Bien que de génération en génération on grandisse et on oublie, b7ar el métouia, ça reste toujours un endroit de lamma et de plaisir pour tout être appartenant à cette terre.

Personnellement je n’ai pas visité le sud depuis quatre ans ou plus, je n’ai pas grandit sous son ombre, mais le rossignol de la métouia a bien su laisser sa musique cicatrisée à jamais dans mon âme. Je garde en mémoire ce petit bout de chemin de mon enfance avec ses purs moments de bonheurs et de malheur. J’aime et j’aimerai toujours la vie à la métouienne -si mon expression est bonne- dont la simplicité m’émerveille.

Ce site dont je remercie les créateurs, m’as permise de faire un clin d’œil à quelques proches, de retrouver en quelques sorte l’ambiance du bled, de ressentir son odeur.

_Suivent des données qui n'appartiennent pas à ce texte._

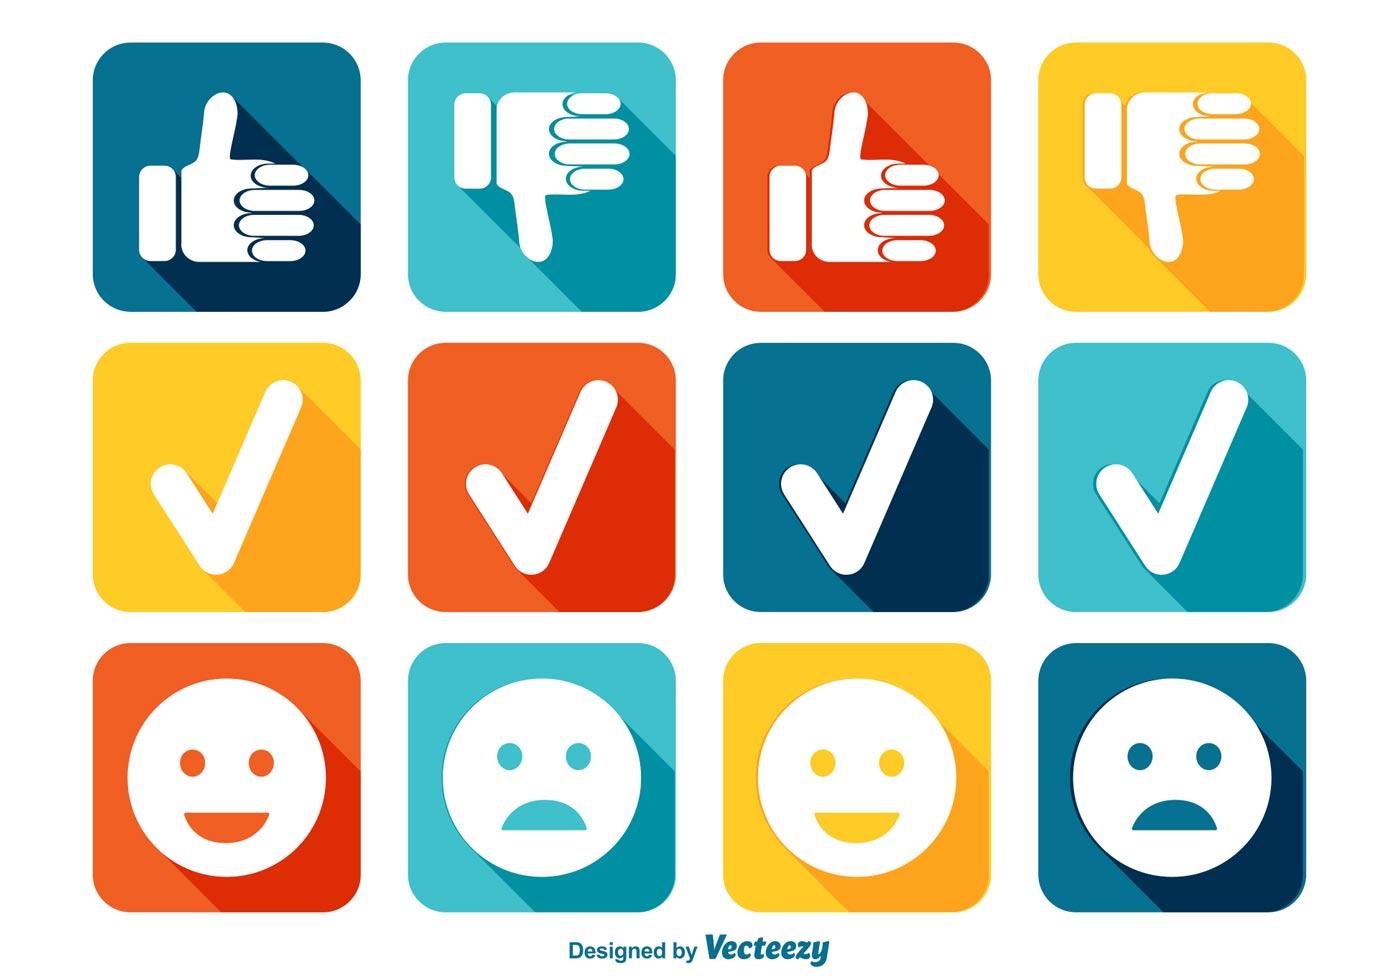 like and dislike icon set download free vector art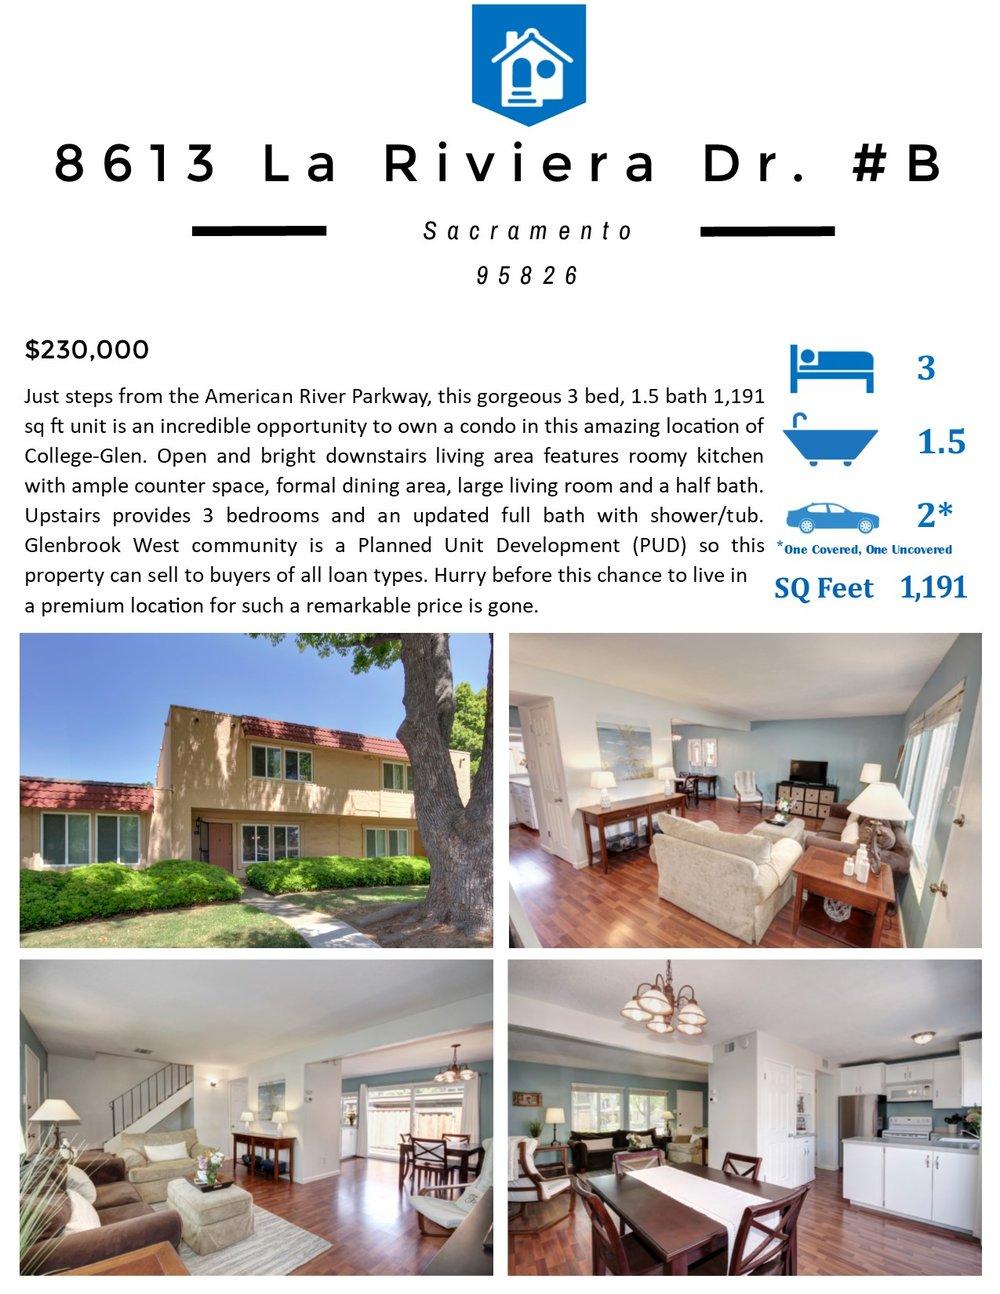 Flyer Front - 8613 La Riviera Dr #B, Sacramento, CA 95843.jpg

Heureusement pour moi que la seconde métouia est présente ici au centre ville car le passage, rue bab el khadra, rue tronja, marché sidi el bahri, café métouia zman, rue el metouia, librairie laaroussi el matwi…dans ces lieux en plein centre ville, appelés par certain quartier d’el mtawa, tu retrouves les familles Gaabeb, Aribi, Khadher, Romdhane, Ghodbène, Ben Brahim…et encore plein d’autre nom.

Pour terminer je tiens à saluer touts ceux qui me reconnaissent, spécifiquement Aboubaker Khadher, Nadia Khalifa, et Ali Rabah.